There are other features that come with Trevor Strohman's release of Galago. However, these are not covered here (except for Pig-Galago 1.0).

Getting Galago

There are two branches of Galago: Trevor's branch and CIIR's branch. While you can of course checkout Trevor's branch, this wiki is made specifically with CIIR's branch in mind. The instructions on this page do not necessarily (and in some cases, definitely do not) apply to Trevor's branch

Trevor's Galago Branch

Trevor's branch is available via this Git repository. To checkout a copy, you'll first need to get Git, which is available here. It is pretty easy to install.

Once you have Git, you can download the current version of Galago by issuing the command:

     git clone git://repo.or.cz/galago.git

For information about what is included in Trevor's Galago branch and how to use it, see the Galago Guidebook.

CIIR's Galago Branch

Currently, CIIR's Galago branch includes the following packages:

  • Galago (TupleFlow, TREC indexing classes, and a retrieval framework)
  • Pig-Galago (A patched version of com.yahoo.pig version 1.0 ONLY. Pig 1.2+ are not supported with TupleFlow).
  • edu.umass (Includes a distributed retrieval framework and custom operators built on top of Galago)

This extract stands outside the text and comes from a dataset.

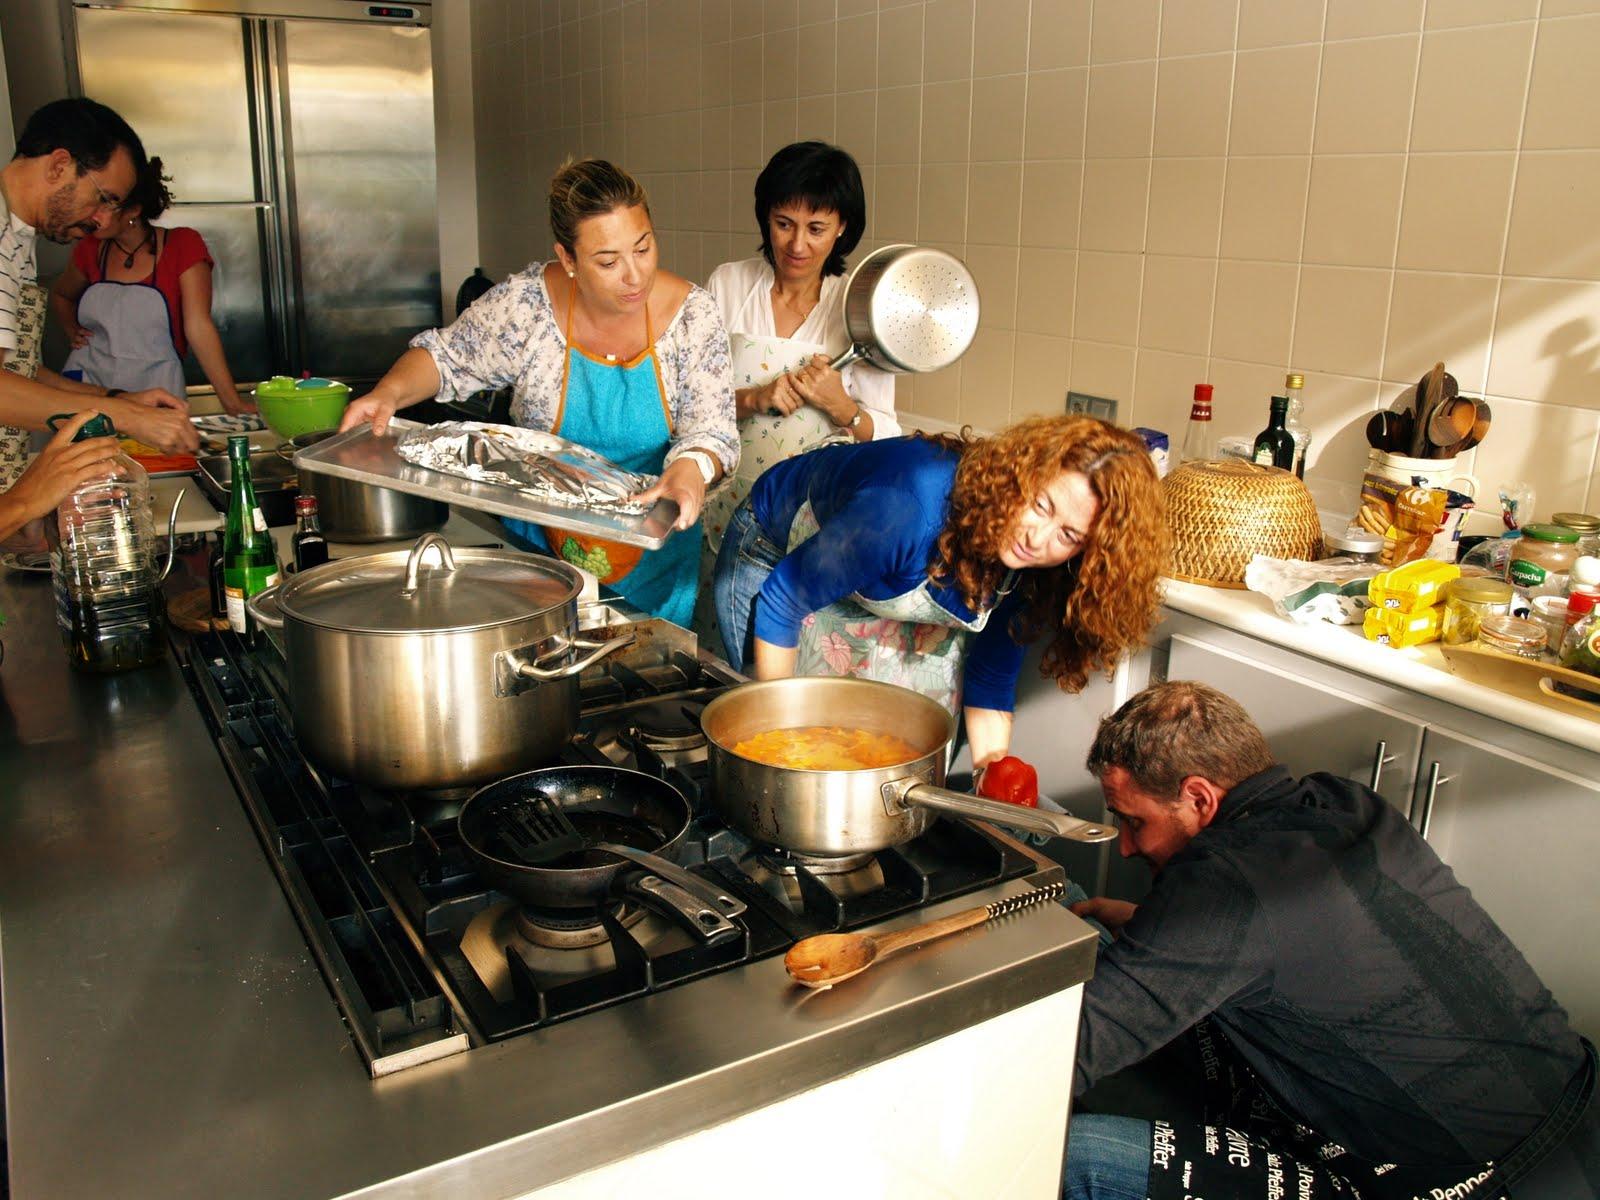 Curso de cocina vegetariana 23 de enero - Curso de cocina vegetariana ...

The source code for each of these is maintained in a separate repository; however, there is an additional repository which stores the most recent Jar files, including libraries, from new_galago and edu.umass. The latest version of any of these can be checked out using the following commands (you must have an account on Sydney to access these):

svn co svn+ssh://sydney.cs.umass.edu/home/hfeild/svn/galago/tags/latest galago
svn co svn+ssh://sydney.cs.umass.edu/home/hfeild/svn/pig_galago/tags/latest pig_galago
svn co svn+ssh://sydney.cs.umass.edu/home/hfeild/svn/edu.umass/tags/latest edu.umass
svn co svn+ssh://sydney.cs.umass.edu/home/hfeild/svn/ciir_galago_bin/tags/latest ciir_galago_bin

If you are checking out one of the source repositories, you can build the Jar file for that particular package =cd=ing into the directory and issuing the command:

ant jar

The fresh Jar file for the package will be in the dist/ subdirectory. For instance, to check out and build galago, do:

$ svn co svn+ssh://sydney.cs.umass.edu/home/hfeild/svn/galago/tags/latest galago
$ cd galago/
$ ant jar
$ ls dist/
galago.jar

The ciir_galago_bin package has a directory of Jar files, so no building is necessary. It also has a directory of sample Galago parameter files and a scripts/ directory. See the README it contains for more information.

Next, you will need to set up your CLASSPATH environment variable so that Java will know where to find the Jar files you checked out.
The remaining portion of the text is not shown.